For the IIR filter difference equation with the specified coefficients determine the transfer function H[Z] and its poles and zeros. Indicate locations of poles and zeros on the Z-plane and determine if the filter is stable. Show all your work
b0 = 0.0168;
b1 = 0.0336;
b2 = 0.0168;
a1 = –1.6000;
a2 = 0.6683;
First, we need to determine the transfer function H(z). For the given IIR filter with difference equation:
y[n] = b0 * x[n] + b1 * x[n-1] + b2 * x[n-2] - a1 * y[n-1] - a2 * y[n-2]

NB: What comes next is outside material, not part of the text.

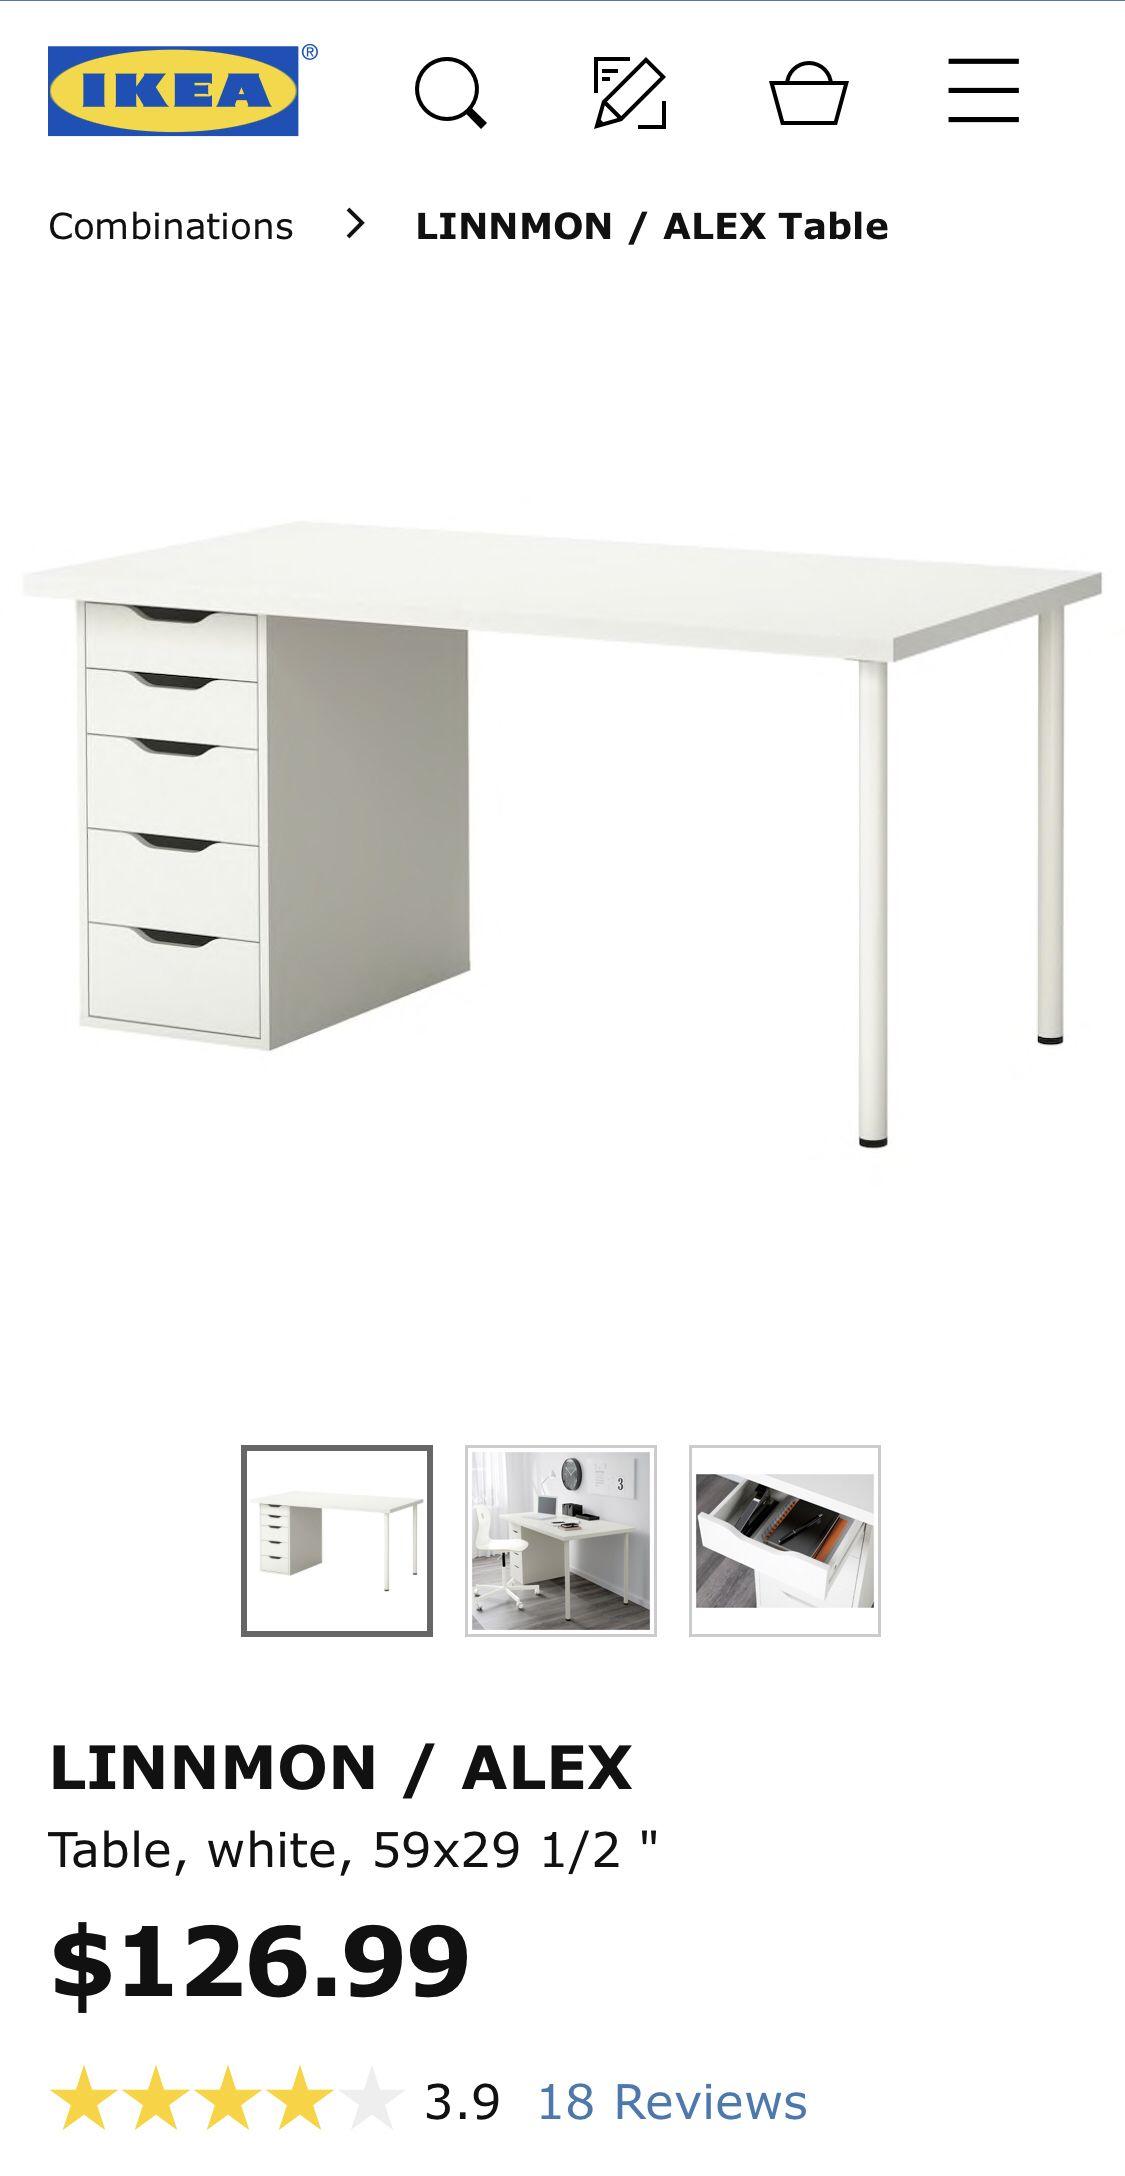 """LINNMON / ALEX Table, white, 59x29 1/2"""" - IKEA"""

The transfer function H(z) can be determined as follows:
H[z] = Y[z]/X[z] = (b0 + b1 * z^(-1) + b2 * z^(-2))/(1 + a1 * z^(-1) + a2 * z^(-2))
Plugging in the coefficients, we get:
H[z] = (0.0168 + 0.0336 * z^(-1) + 0.0168 * z^(-2))/(1 - 1.6000 * z^(-1) + 0.6683 * z^(-2))
We'll now find the zeros and poles of this transfer function.
Zeros are the values of z that make the numerator of the transfer function equal to zero:
0.0168 + 0.0336 * z^(-1) + 0.0168 * z^(-2) = 0
To solve this equation, first multiply through by z^2:
0.0168 * z^2 + 0.0336 * z + 0.0168 = 0
We can find the zeros:
z1, z2 = (-0.0336 ± √(0.0336^2 - 4 * 0.0168 * 0.0168))/(2 * 0.0168)
z1 = 0.5
z2 = 2
The zeros are located at z = 0.5 and z = 2 in the Z-plane.
Now, we'll find the poles of the transfer function. Poles are the values of z that make the denominator of the transfer function equal to zero:
1 - 1.6000 * z^(-1) + 0.6683 * z^(-2) = 0
To solve this equation, first multiply through by z^2:
z^2 - 1.6000 * z + 0.6683 = 0
We can find the poles:
p1, p2 = (1.6000 ± √(1.6000^2 - 4 * 0.6683))/(2)
p1 = 0.8358
p2 = 0.7642
The poles are located at p1 = 0.8358 and p2 = 0.7642 in the Z-plane.
Since both poles are inside the unit circle (|p1| < 1 and |p2| < 1), the filter is considered stable.